Lou must have heard her thumping down the stairs, but she didn’t come out of the kitchen. Evie pulled her long woollen coat off the stand and left the house. She didn’t have Trix to run to, and no idea where Auran was. Maybe it was dangerous to go back to Bran’s place, but she wanted to see him. If she didn’t see him she couldn’t break the curse. It was daylight anyway; the Sins hadn’t shown themselves until the middle of the night.
She threw her coat over her shoulders and ran down the front steps, heading towards the town centre.
Chapter Sixteen
Trix didn’t go home. She trudged about town, wondering if people could see an actual cloud of gloom hovering over her head when they looked at her.
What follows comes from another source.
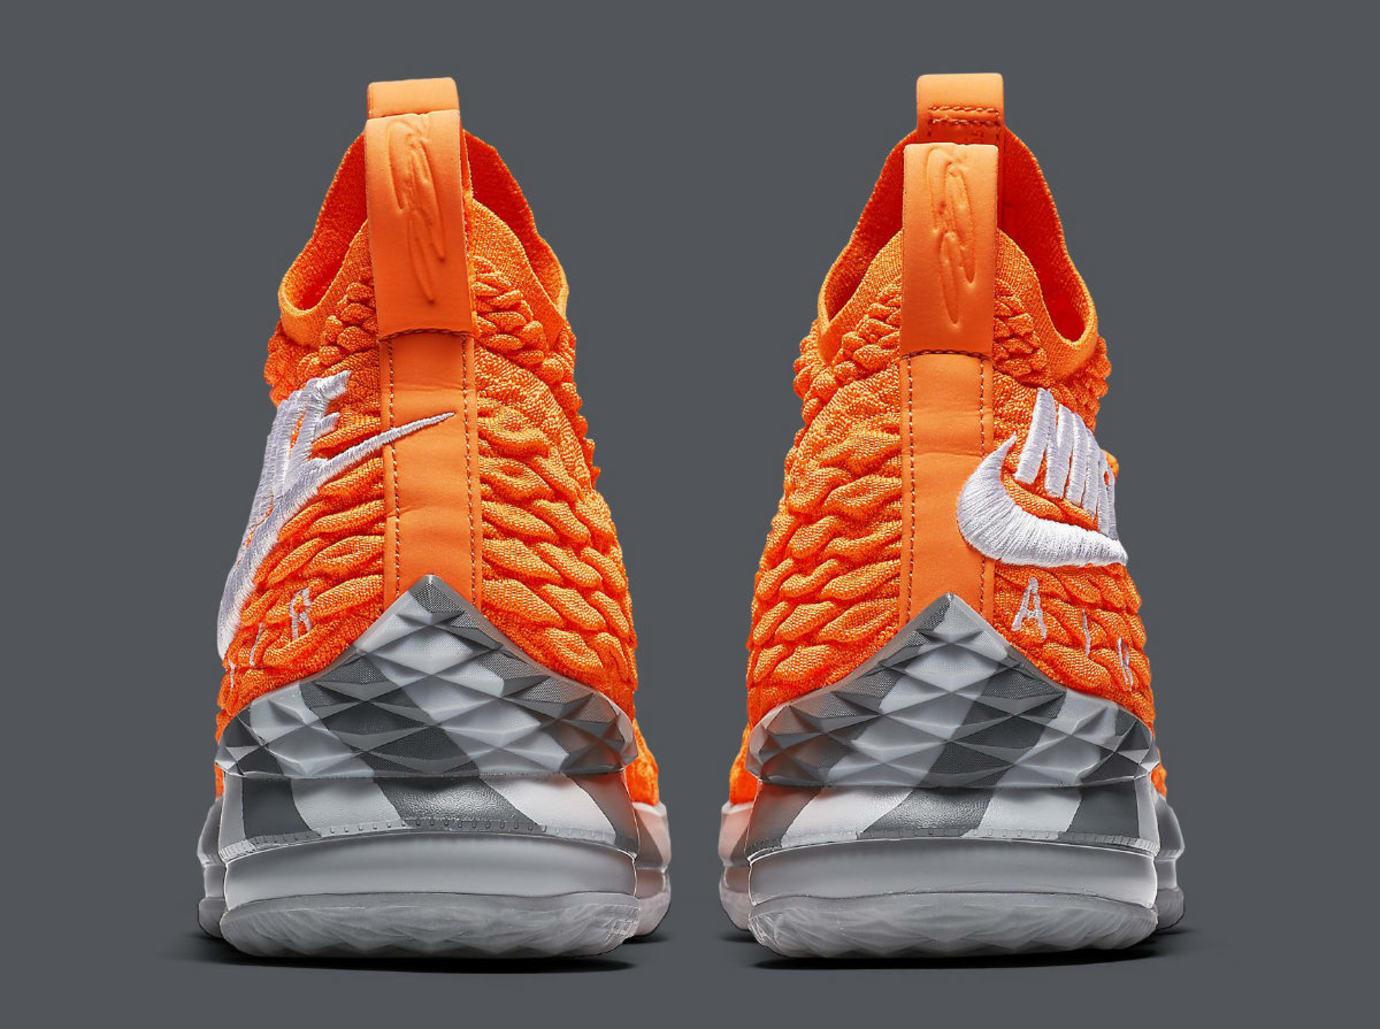 c2dee2913a6 Nike LeBron 15 Orange Box Release Date AR5125-800 Heel

She spent two hours in a cafe eating a veggie fry, and almost sent an angry text before she remembered that Evie’s phone was broken. It was hard to stay mad at her friend, especially when curiosity was nearly giving her a fever.
She couldn’t push the strange expression in Evie’s eyes out of her head. She hadn’t looked normal since the last day of school term. Maybe it had been bad to yell when Evie had appeared on the verge of some sort of breakdown.
Trix paid for her fry, trying to ignore the spectre of her mother hanging over her shoulder in disapproval. She earned her money working most of her evenings in ‘The Spindle’, measuring out reams and reams of material for clothes and curtains. She was getting quite popular there, giving people dressmaking tips, especially coming up to school formal season.